We report so we can share the value and impact of ISU Extension and Outreach – whether we’re reporting to USDA, the university, the Board of Regents, state government, our partners and stakeholders, or directly to Iowans. We strive to be intentional and consistent. Every data point you provide is used in at least one report and often several, as well as staff success stories, research journal articles and grant applications. Reporting helps us tell our story to make sure our stakeholders, partners, funders and all Iowans will continue to support our work for a strong Iowa. Thank you for all you do.

More notes

  • Please join me in congratulating Lesia Oesterreich, adjunct assistant professor and family life extension specialist, who will receive the 2018 Excellence in Extension Award from USDA NIFA, Cooperative Extension, and the Association of Public and Land-grant Universities. The award is given annually to one Cooperative Extension professional in the nation who excels at programming, provides visionary leadership and makes a positive impact on constituents served.
  • We’re looking for Rising Star interns for summer 2019. This cooperative program involves ISU Extension and Outreach, County Extension Districts, and the colleges of Design, Agriculture and Life Sciences, Human Sciences, and Liberal Arts and Sciences. If you know any Iowa State students who would be a good fit for the program, direct them to the Rising Star Internship website for more information and to apply.
  • Interim Vice President and Chief Information Officer Kristen Constant shares this message: FEMA will conduct its first test of a national wireless emergency alert system Oct. 3 at 1:18 p.m. The alert, with the headline “Presidential Alert,” is scheduled to pop up on every cell phone in the nation (similar to AMBER alerts). Cell towers are scheduled to broadcast for 30 minutes and cell phones may receive these texts over that entire time (and possibly beyond). This test is not associated with the university, nor is it associated with our “ISU Alert” service. No action will be required when cell phone owners receive the test message. ITS will monitor effects on our local systems.
  • The study committee I wrote about in the Sept. 4 update met for the first time Saturday, Sept. 29. This is the first of many meetings the committee will have over the coming year as it studies how ISU Extension and Outreach is organized in the counties and the county-to-campus connection. The committee soon will have a webpage for sharing meeting summaries and other information. I’ll share the link when it’s available.
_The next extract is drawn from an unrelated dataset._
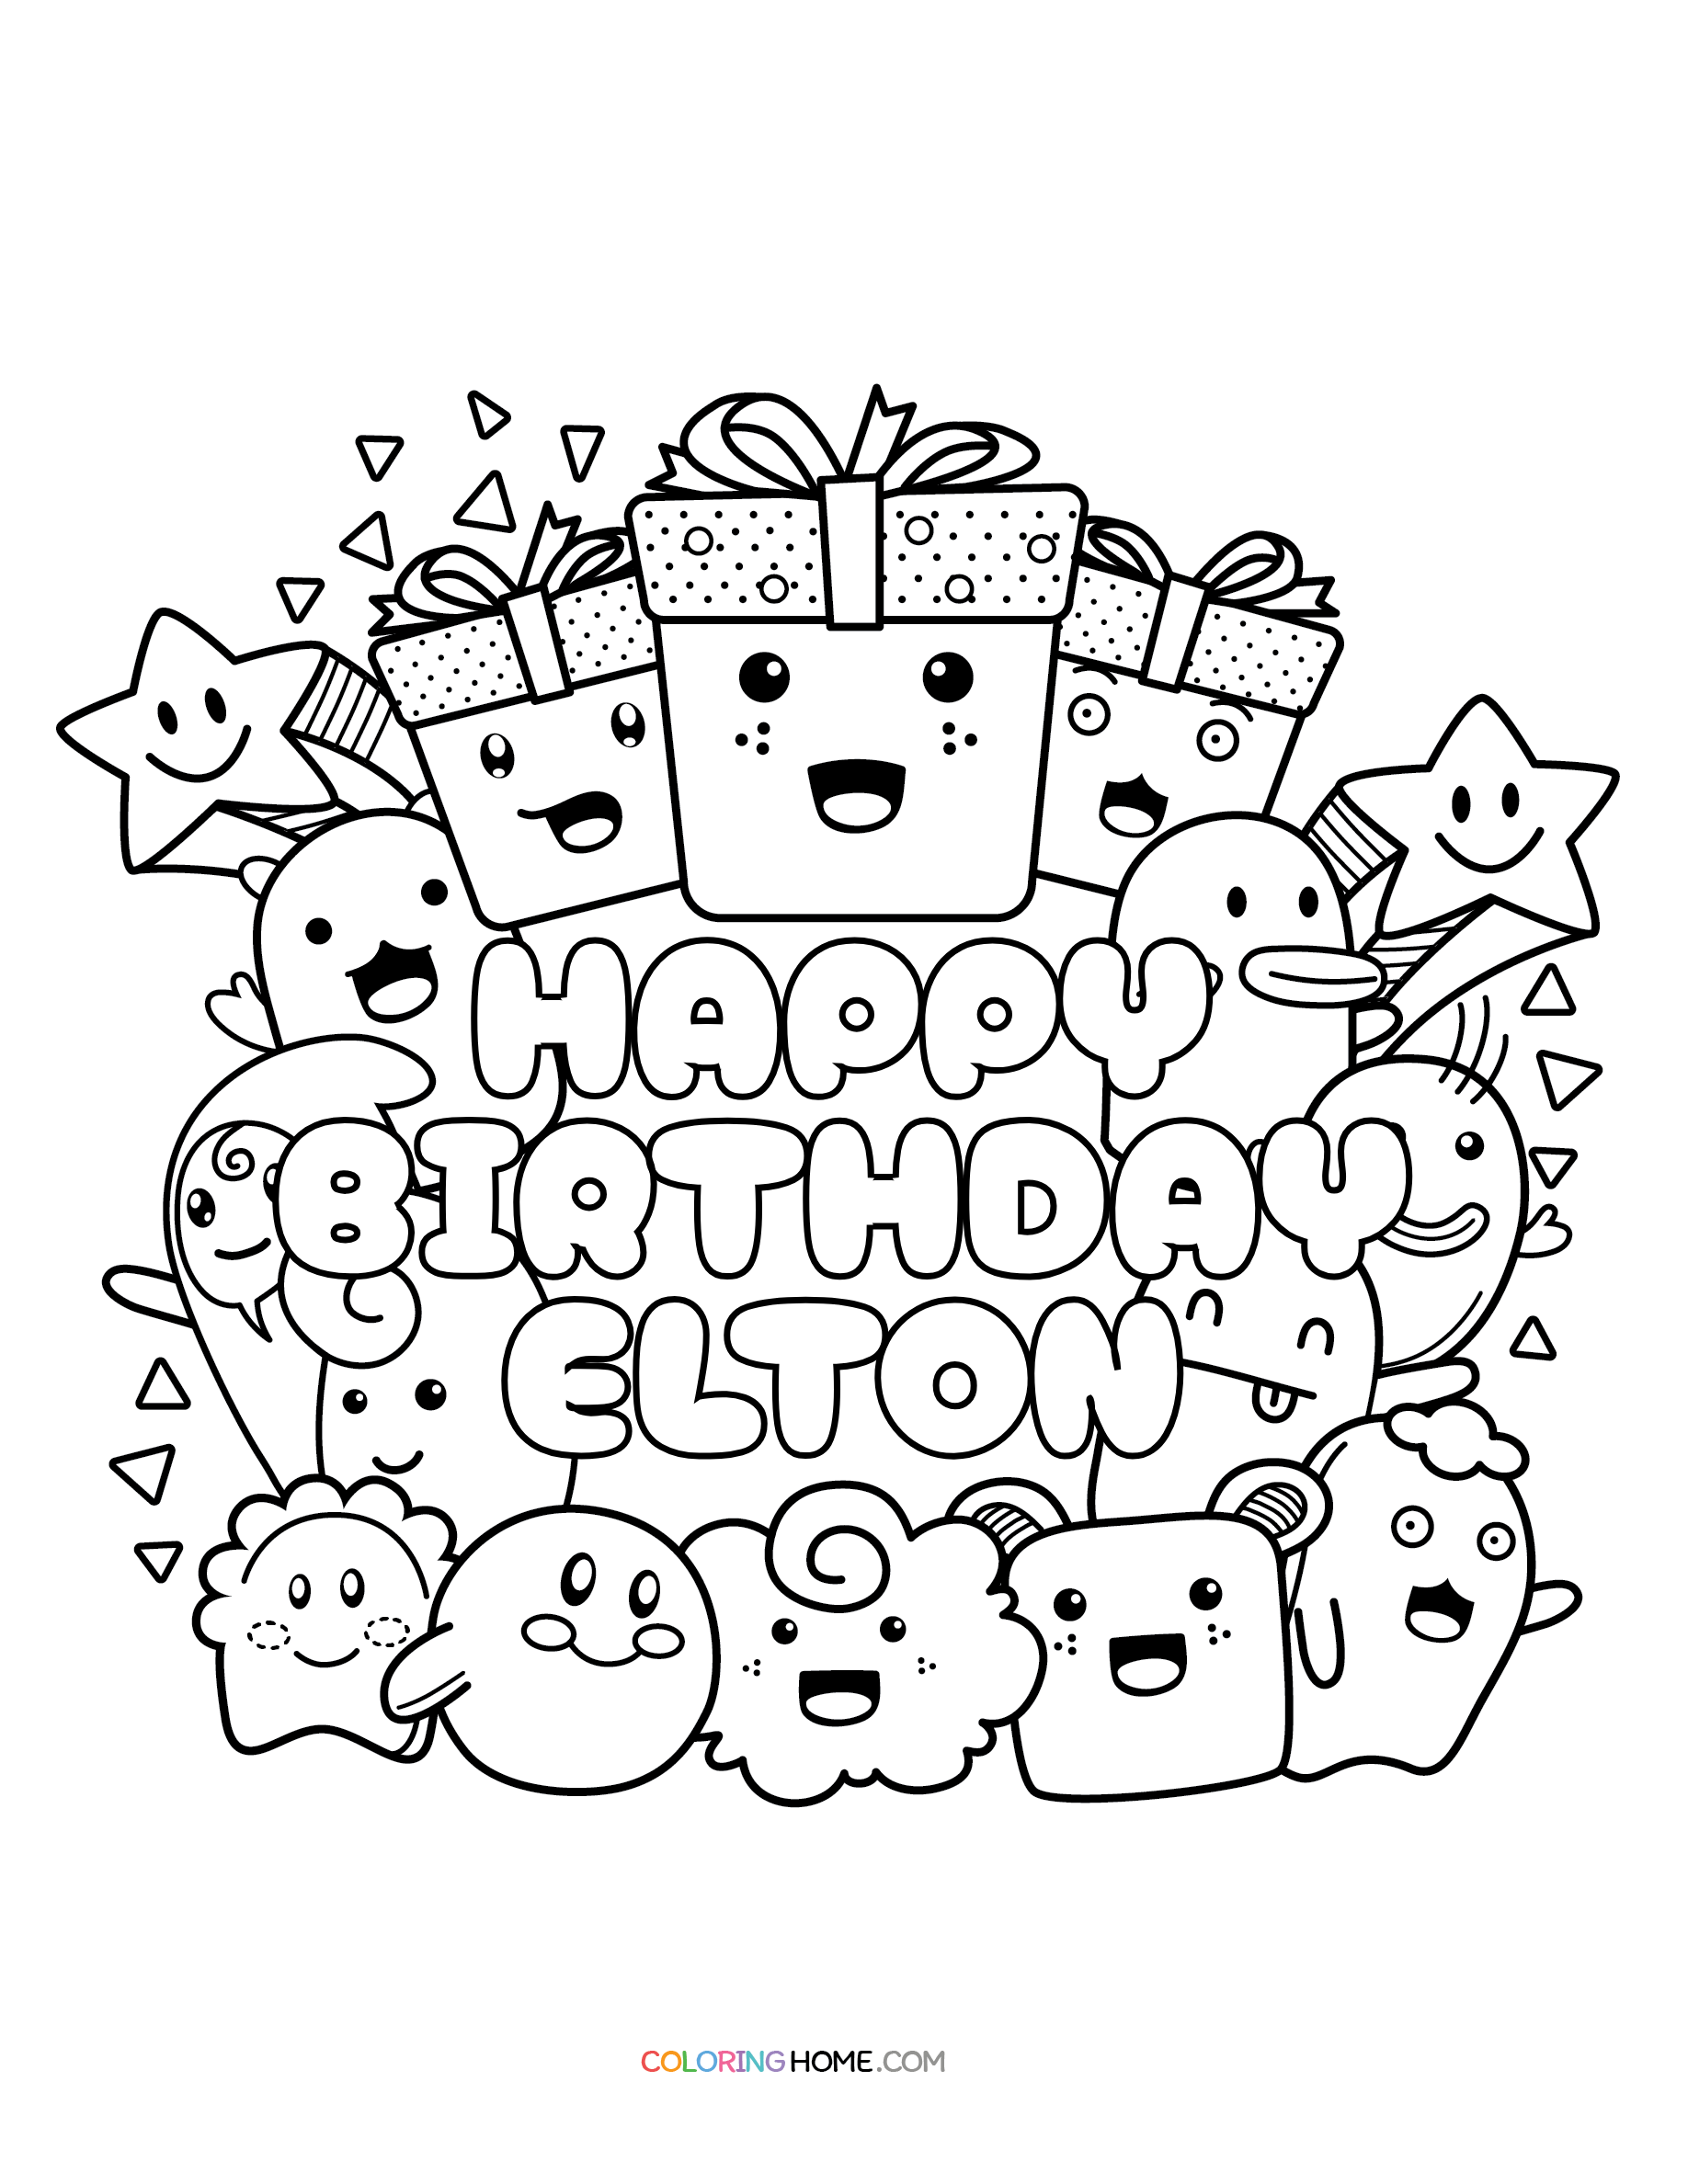 Happy Birthday Elton coloring page

Members of the committee are:

  • Jamie David (Taylor County Council) jamie.david1421@gmail.com
  • Lori Donahoe (Johnson County Council) ldonahoe11@hotmail.com
  • Paul Gieselman (Louisa County Council) herr_giesel@louisacomm.net
  • Molly Hewitt (Woodbury County Director) hewittm@iastate.edu
  • Katharinna Bain (Keokuk County Director) kbain@iastate.edu
  • Cheryl Heronemus (Region 1 Director) hero@iastate.edu
  • Larry Tranel (Field Specialist, NE Iowa) tranel@iastate.edu
  • Terry Maloy (IECA Executive Director) maloy@iastate.edu
  • Bob Dodds (Assistant VP for County Services) redodds@iastate.edu
  • John Lawrence (VP for Extension and Outreach) jdlaw@iastate.edu

— John D. Lawrence
Iowa State University Vice President for Extension and Outreach

A letter to the family

John Lawrence’s message from Sept. 4, 2018

It has been a soggy Labor Day weekend across much of Iowa and the forecast is for more rain. Labor Day is the unofficial transition from summer to fall. Many folks try to squeeze in one more picnic or campout, and others welcome the start of football season. The rain dampened both of these activities.

Labor Day also is a time to honor the workers who keep our economy and country moving. I particularly want to recognize the dedicated members of our ISU Extension and Outreach team in the 100 county offices, in the field and on campus. The more I learn about our organization and our people, the prouder and more humbled I am to serve you. I ask all of us as councils and colleagues to take the time to say thank you to the men and women of ISU Extension and Outreach for a job well done. THANK YOU!

I also want to start a discussion about how ISU Extension and Outreach is organized in the counties and the county-to-campus connection. This topic should not be a surprise, as it was part of my interview presentation. I talked about it at the Iowa Extension Council Association (IECA) board meeting in July, and it has been discussed at some of my listening sessions around the state. However, I want to be sure everyone is in the loop. I also want to stress that this is the start of a discussion, not the final word.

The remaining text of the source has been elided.